The third step is to design a dynamic set of seismic acquisition node address permutation method comprising the steps of: (a) the need for the seismic exploration field segments are arranged arbitrarily selected laying site, (b) the detection system after power-up initialization phase, the completion of all the collection node detection system address setting; wherein said step (b) comprises the steps of: (b1) system control and processing center 1 sends to the data pre-processing module 7 address setting command, (b2 ) data preprocessing module 7 start first acquisition node address set-up process, (b3) all acquisition node pipelined manner own address first set, (b4) data preprocessing module 7 start second acquisition nodes address set-up process, (b5) all acquisition nodes in a pipelined manner own address of the second set, (b6) Compare all acquisition node address set twice the result is the same, if the same, indicating arrangement acquisition node address successfully set; If not, restart the step (b) the address mentioned in the setup process until all collection node address set the same result twice so far, (c) When the address is set after the success of each collection node address corresponding to save itself in their respective non-volatile memory, (d) data preprocessing module 7 will address setting successful information and gathering the number of nodes transferred to a system control and processing center.
The time that the 4th step was spent the acquisition node address setup procedure is analyzed, and the time that quantity and address setup procedure spent of acquisition node in arranging of having drawn is satisfied the conclusion of linear relationship.
The 5th step described the power supply of system: all modules that need supply power all adopt corresponding power module to supply power in the system, so that its energy needed can obtain work the time.

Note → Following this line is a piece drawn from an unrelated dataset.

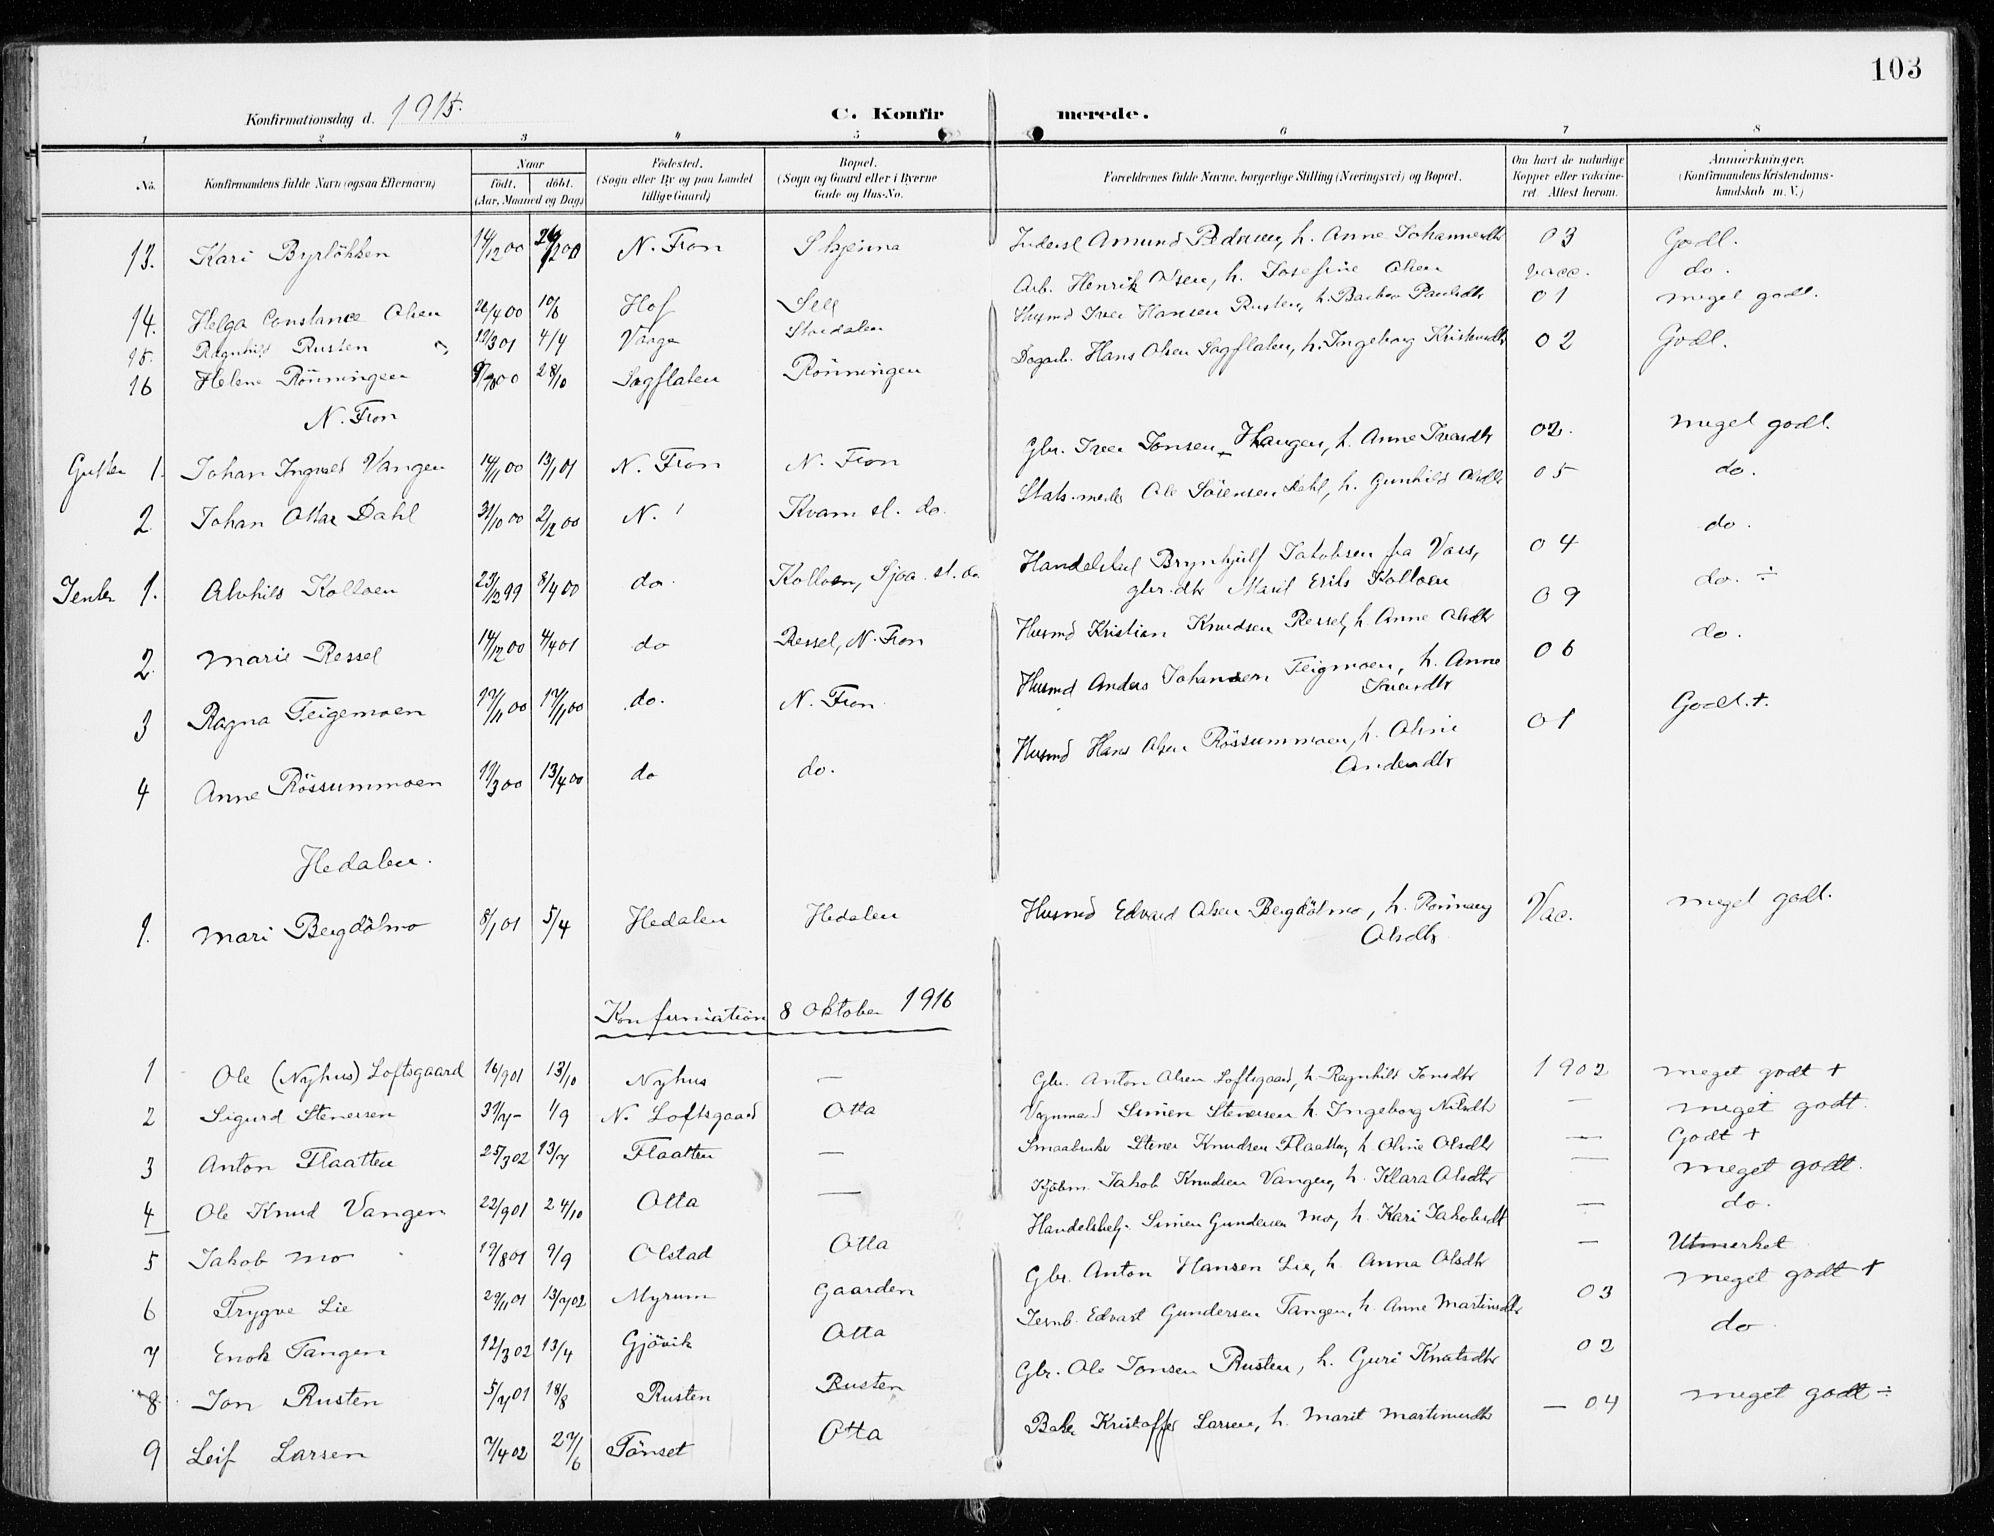 SAH, Sel prestekontor, Ministerialbok nr. 2, 1905-1919, s. 103
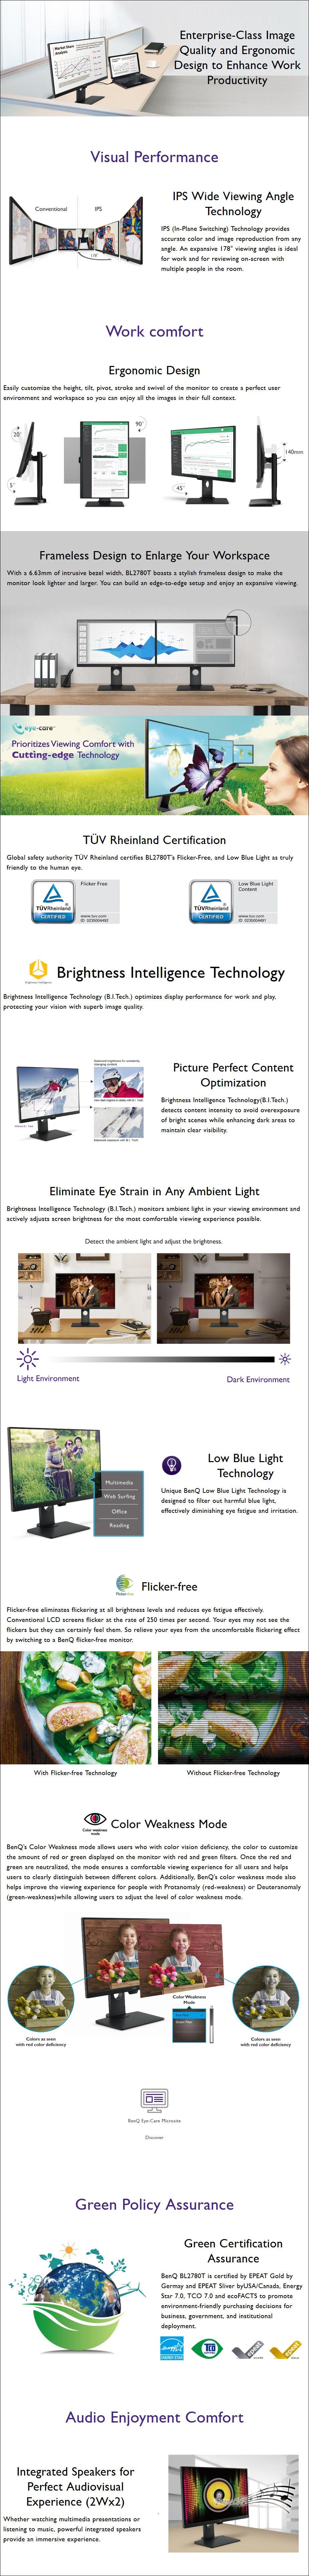 "BenQ BL2480T 23.8"" Full HD Ergonomic IPS Business Monitor - Overview 1"

The characteristics of acquisition node according to the invention address dynamic setting method are: seismic survey is arranged section and can be connected by random order as required, needn't consider the numbering problem of arranging; Do not increase additional hardware, utilize the existing chain structure characteristics of seismic arrangement, accomplish dynamically arranging of acquisition node address; The time of acquisition node address setting in the mode shortening system of employing streamline; Through contrasting the address setting result twice, disturb influence in reducing to arrange to address setup procedure, improve the reliability of address setting.
Below in conjunction with accompanying drawing and the specific embodiment of the present invention the present invention is described in further detail.
Technical scheme of the present invention is, after each acquisition node receives the address setting order, increases sign with the mode of streamline to upper level acquisition node forwarding address, meanwhile, whenever receives primary address and increases sign and just the address of self is increased 1; Such address setup procedure repeats twice, and compares address setting result's in this twice address setup procedure consistance; If the address setting result is consistent, then show the address setting success; Inconsistent, the setting up procedure of address again then is till the address setting success.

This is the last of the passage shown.